I assert that President Coleman has a conflict of interest. Her primary interests as President of a university are to uphold the university's academic mission, and as President of a university that includes a medical school, a school of public health, and an academic medical center, also to uphold the integrity of patient care and public health practice. Her secondary interest as a member of the board of directors of a public, for-profit corporation is her fiduciary duty to that corporation and its stockholders, which means she must "demonstrate unyielding loyalty to the company's shareholders" [Per Monks RAG, Minow N. Corporate Governance, 3rd edition. Malden, MA: Blackwell Publishing, 2004. P.200.] Such unyielding loyalty to the shareholders of a pharmaceutical and medical device company clearly creates a risk of influencing judgments or actions that could affect the corporations' sales or operations, economic or health policy, or the general environment in which it operates.  Many of the judgments of or actions performed by  the leader of a medical school, public health school, and academic medical center could so so, and are thus at risk of being so unduly influenced.
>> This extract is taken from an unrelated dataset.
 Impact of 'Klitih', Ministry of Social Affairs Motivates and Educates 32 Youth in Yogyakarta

However, that she has such a conflict does not prove that any particular judgments or decisions were made badly because of it. Conversely, that particular judgments or decisions were made well does not disprove the existence of the conflict. 
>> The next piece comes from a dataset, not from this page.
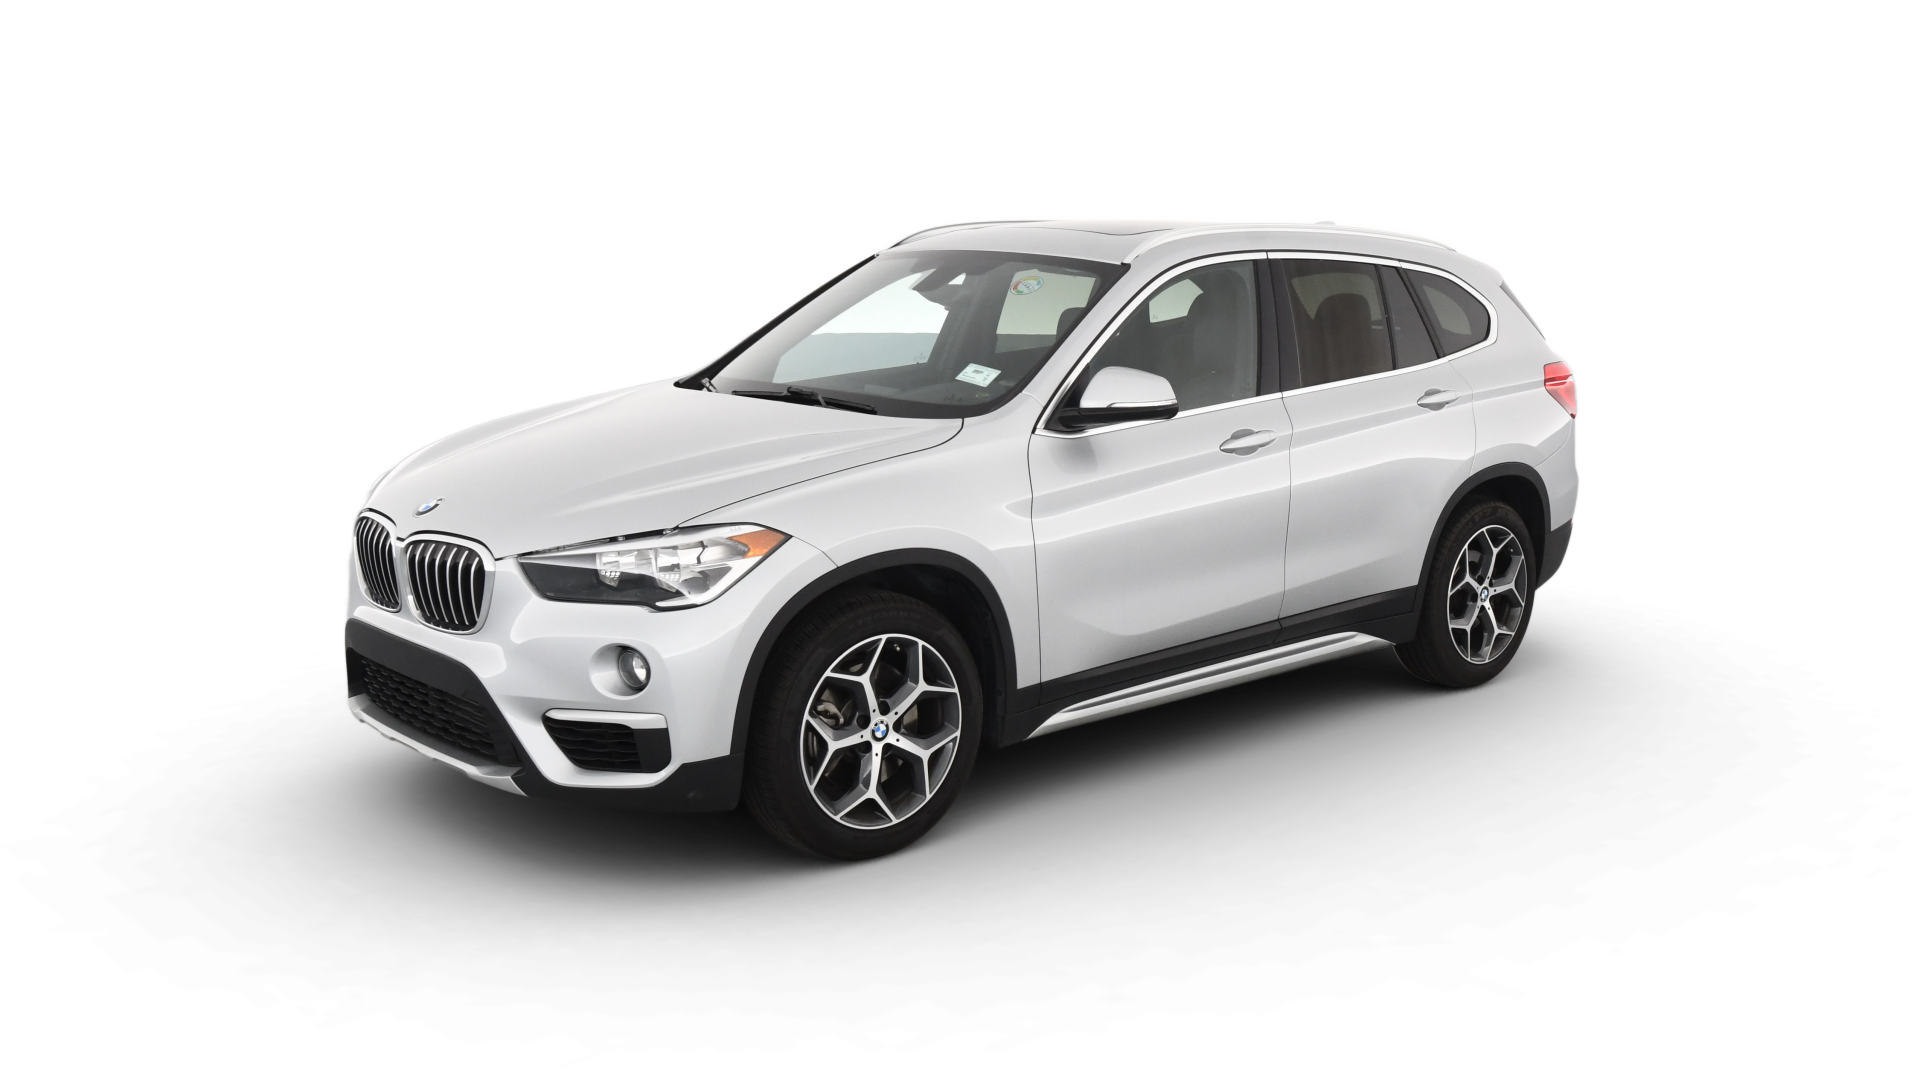 Used BMW X1 for Sale Online

So I beg to differ with all the experts cited in the Michigan Capital Confidential article.  On the other hand, while the President may have a conflict of interest, it is impossible to tell how or whether this influenced her particular decision to support the Smoke-Free Initiative.  Neither does it speak to the benefits or harms of such a policy.  The main effect of the President's conflict of interest seems to have been to muddle the debate about the policy.
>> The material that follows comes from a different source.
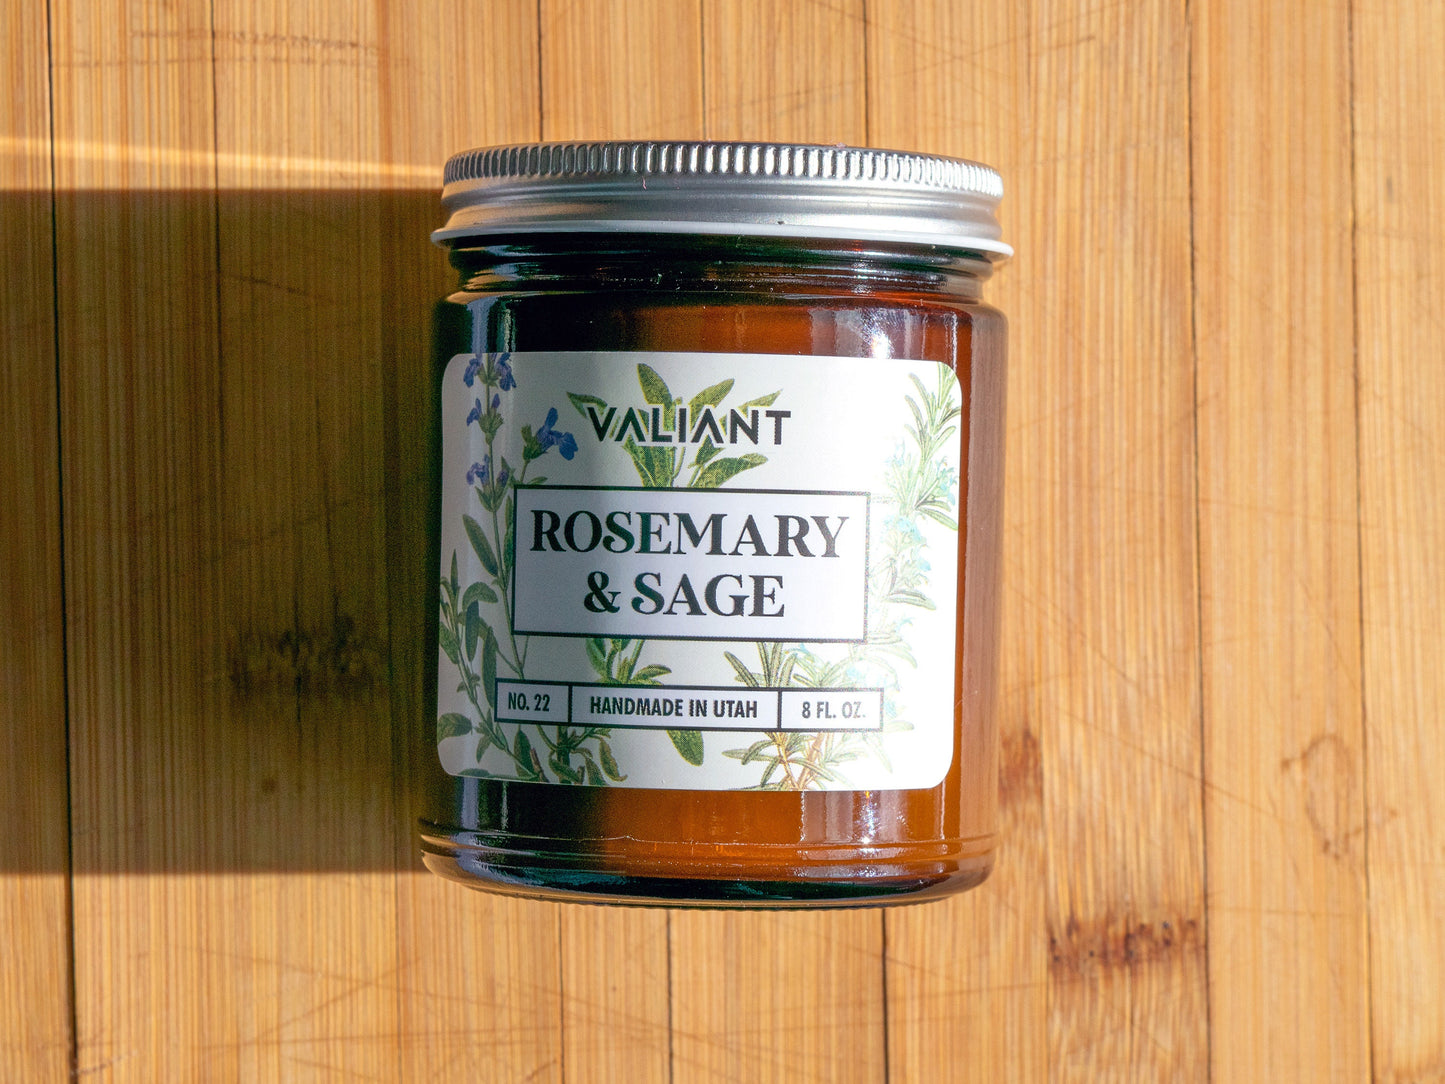 Rosemary & Sage Botanical Candle in Amber Glass

Conflicts of interests' general tendency to muddle and confuse provide one argument for their elimination.  Another is that they may affect judgments and actions that are not so readily debated as, and more likely to produce bad results than smoke-free initiatives.  Maybe the hazy debate about the University of Michigan Smoke-Free Initiative will lead to a clearer discussion of whether academic and academic medical leaders should also be corporate leaders.